[Start of section]

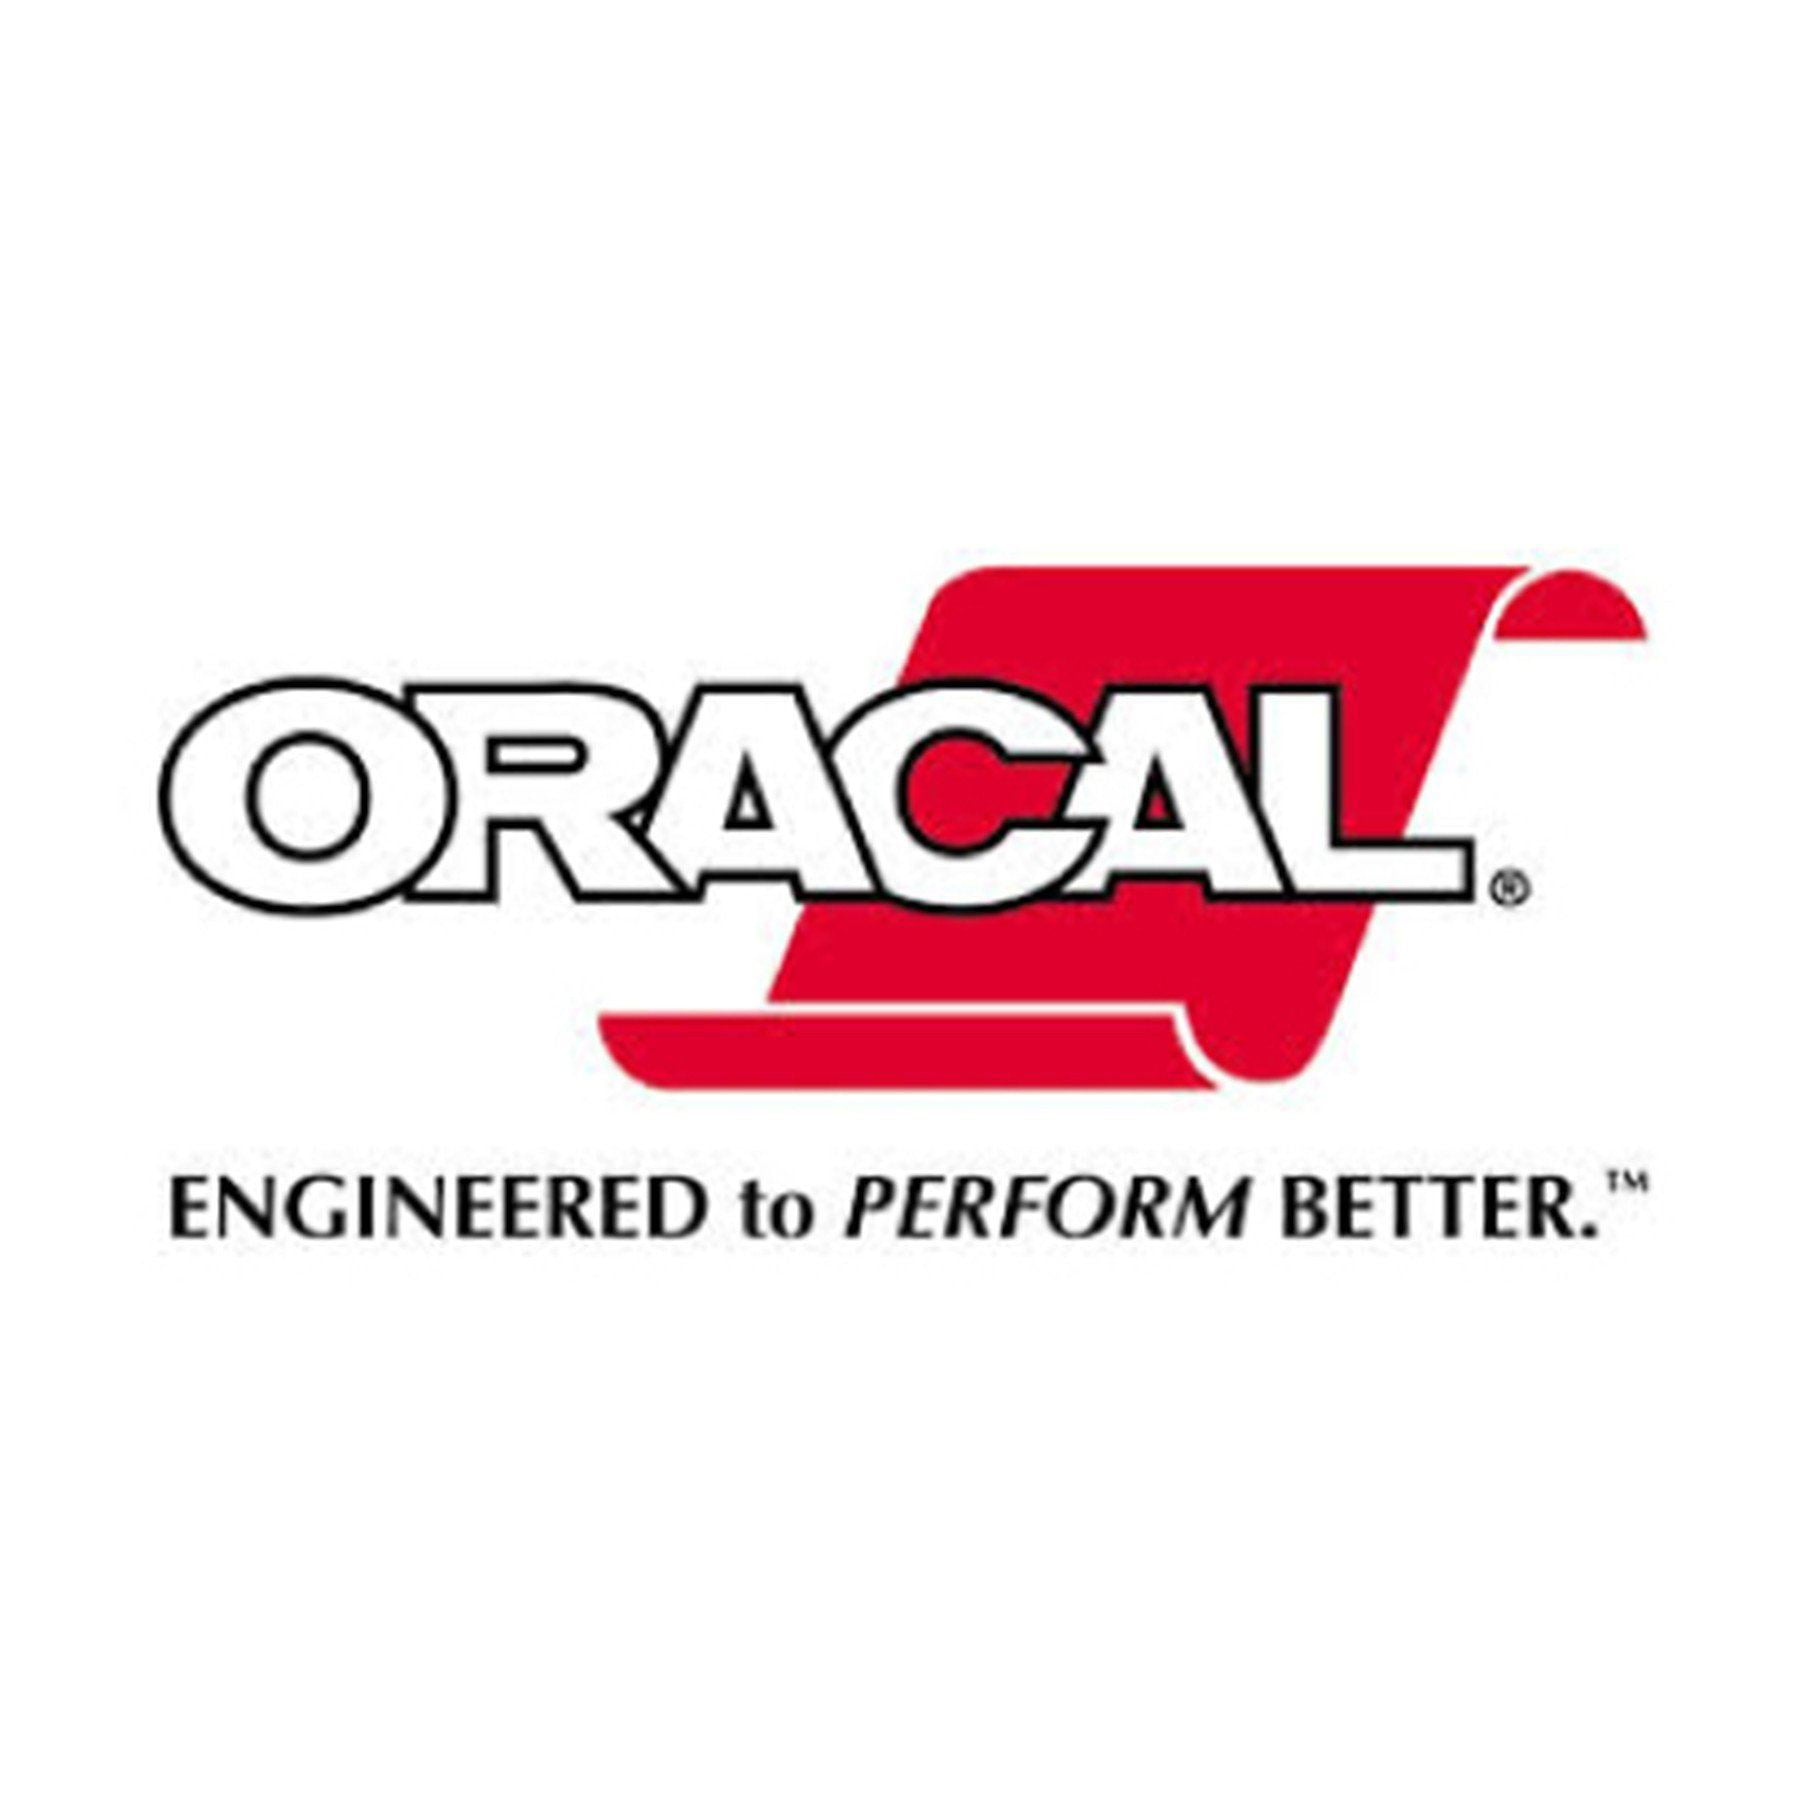 Oracal 651 Vinyl Sheets- 24 Pack – Premier Home Essentials, INC
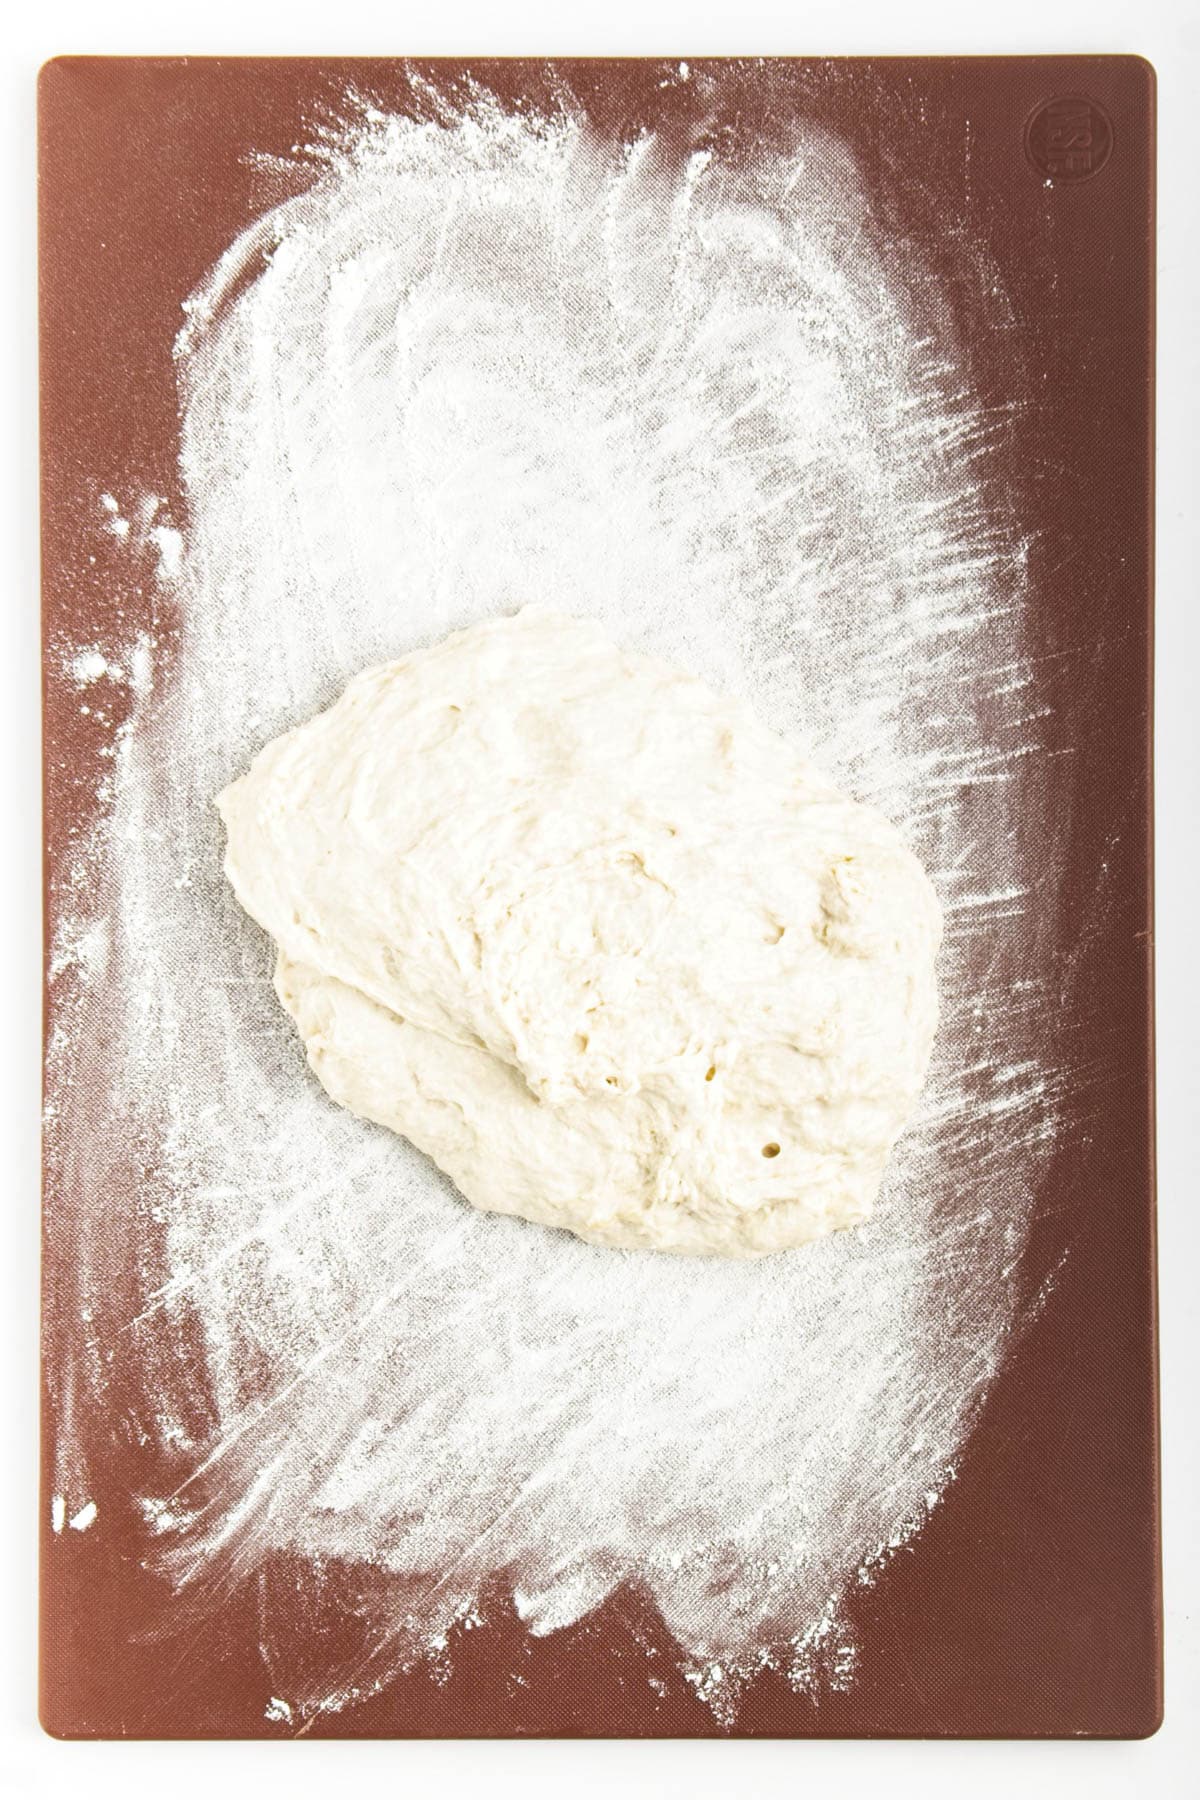 Dough on a cutting board.
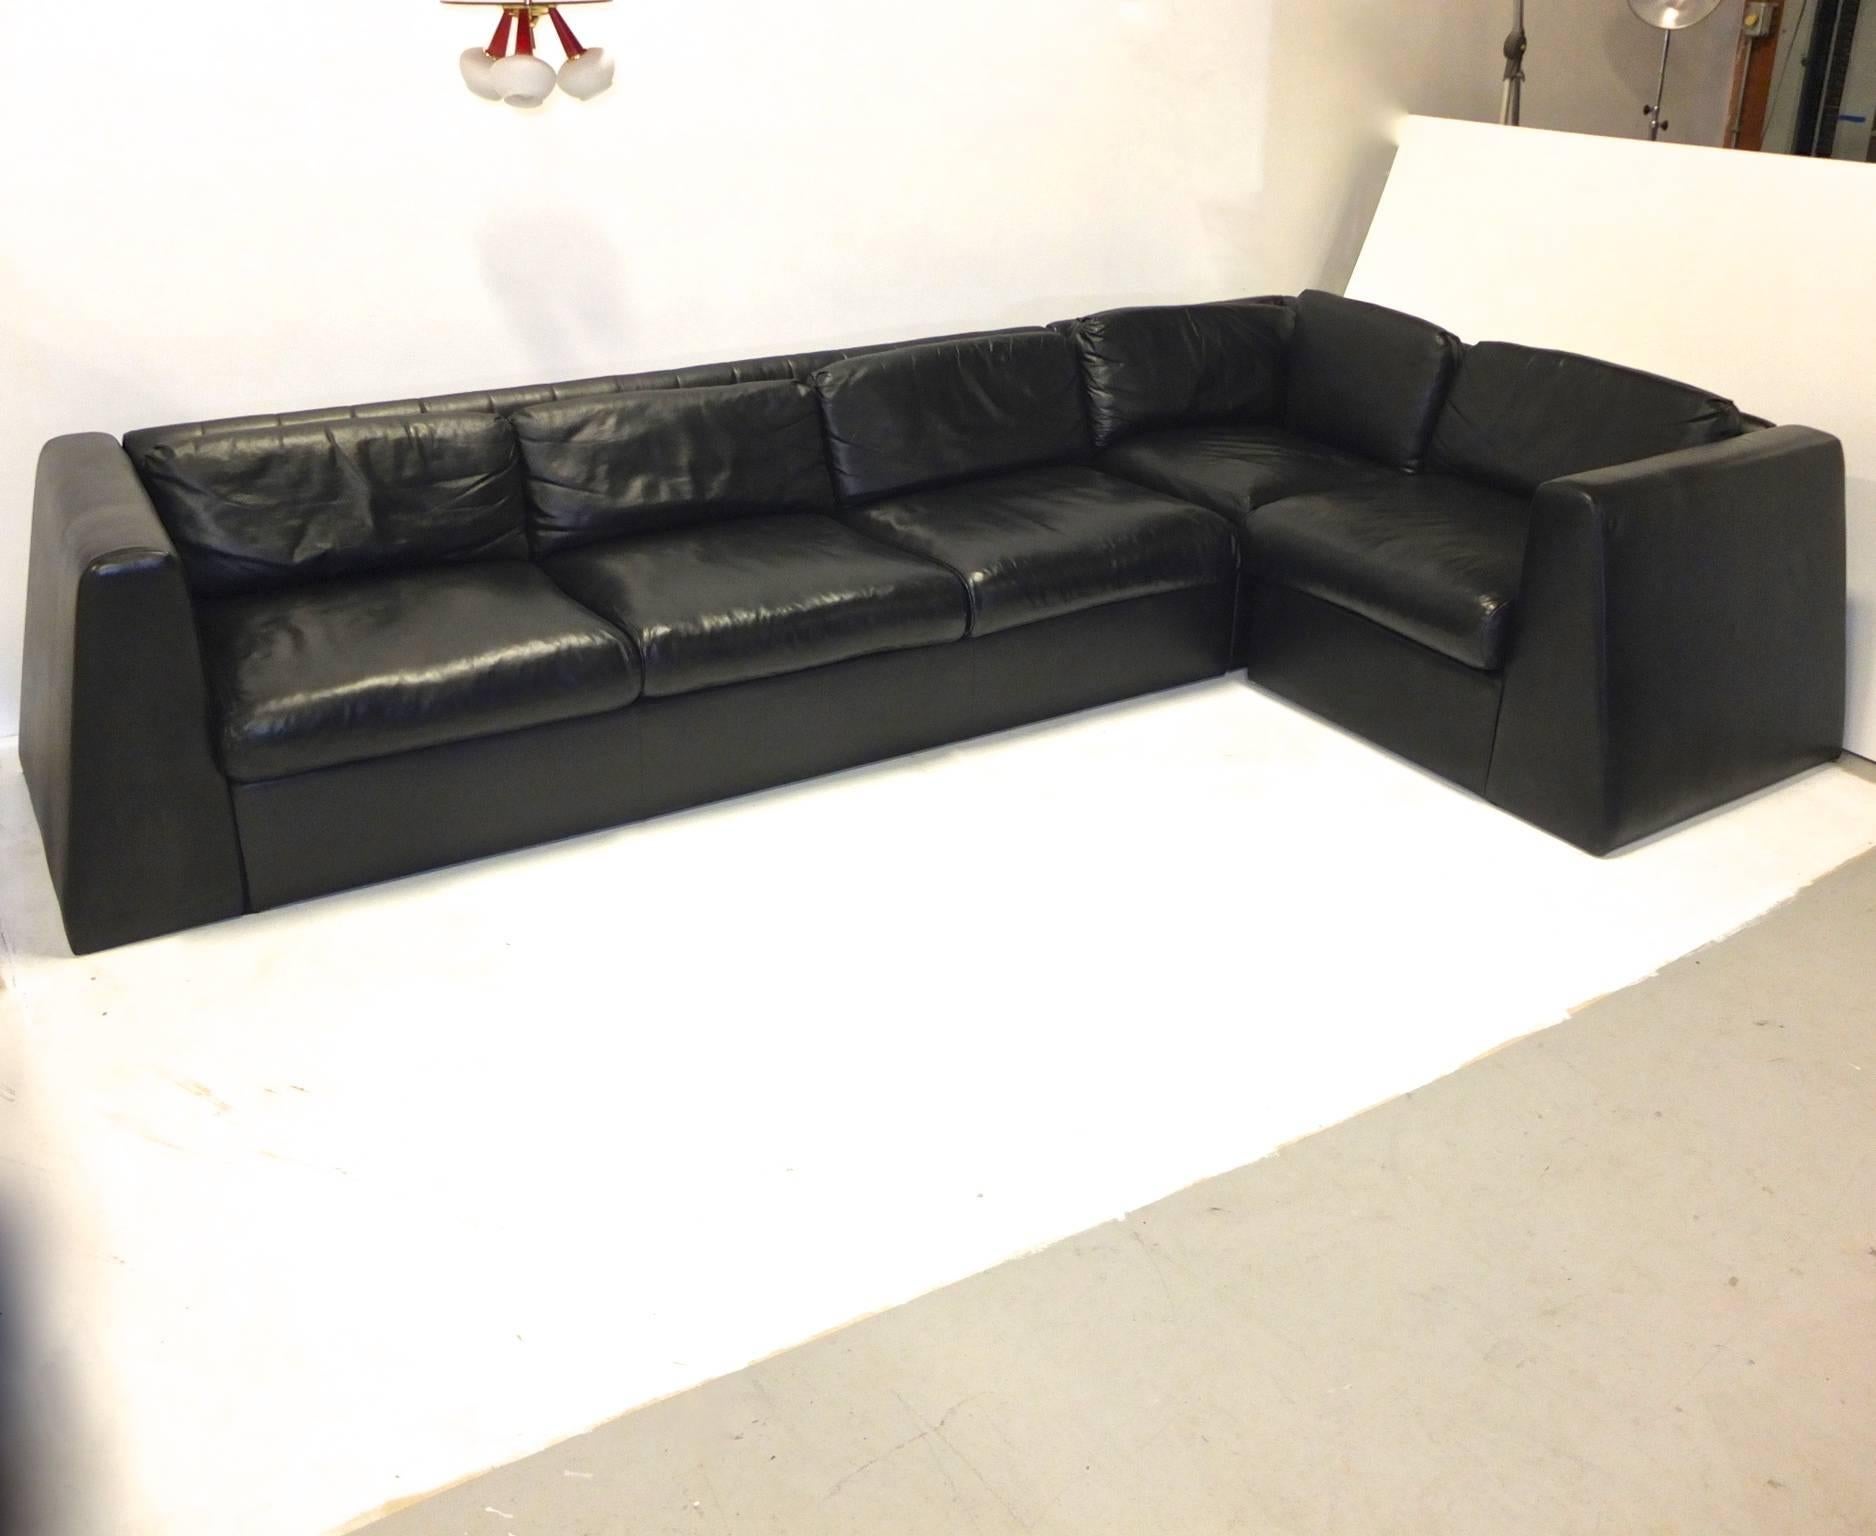 leather sectional sleeper sofa
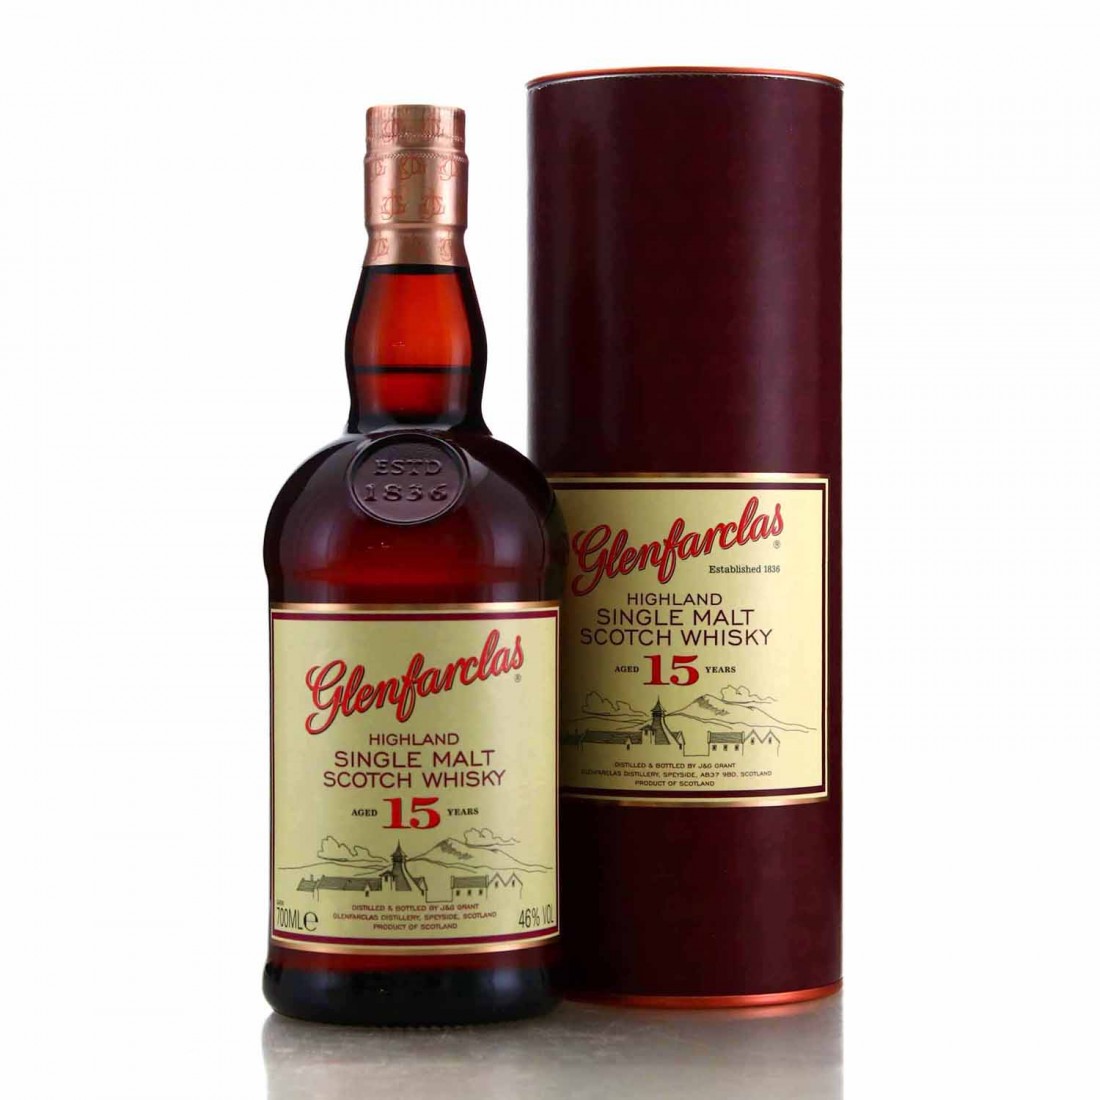 Glenfarclas 15 Years Highland Single Malt Scotch Whisky – Speyside, Scotland

[End of section]

- **AIM OF THE TASK**
Print the data again word for word, pictures excluded.

- **SOLUTION**
 Oracal 651 Vinyl Sheets- 24 Pack – Premier Home Essentials, INC
 Dough on a cutting board.
 leather sectional sleeper sofa
 Glenfarclas 15 Years Highland Single Malt Scotch Whisky – Speyside, Scotland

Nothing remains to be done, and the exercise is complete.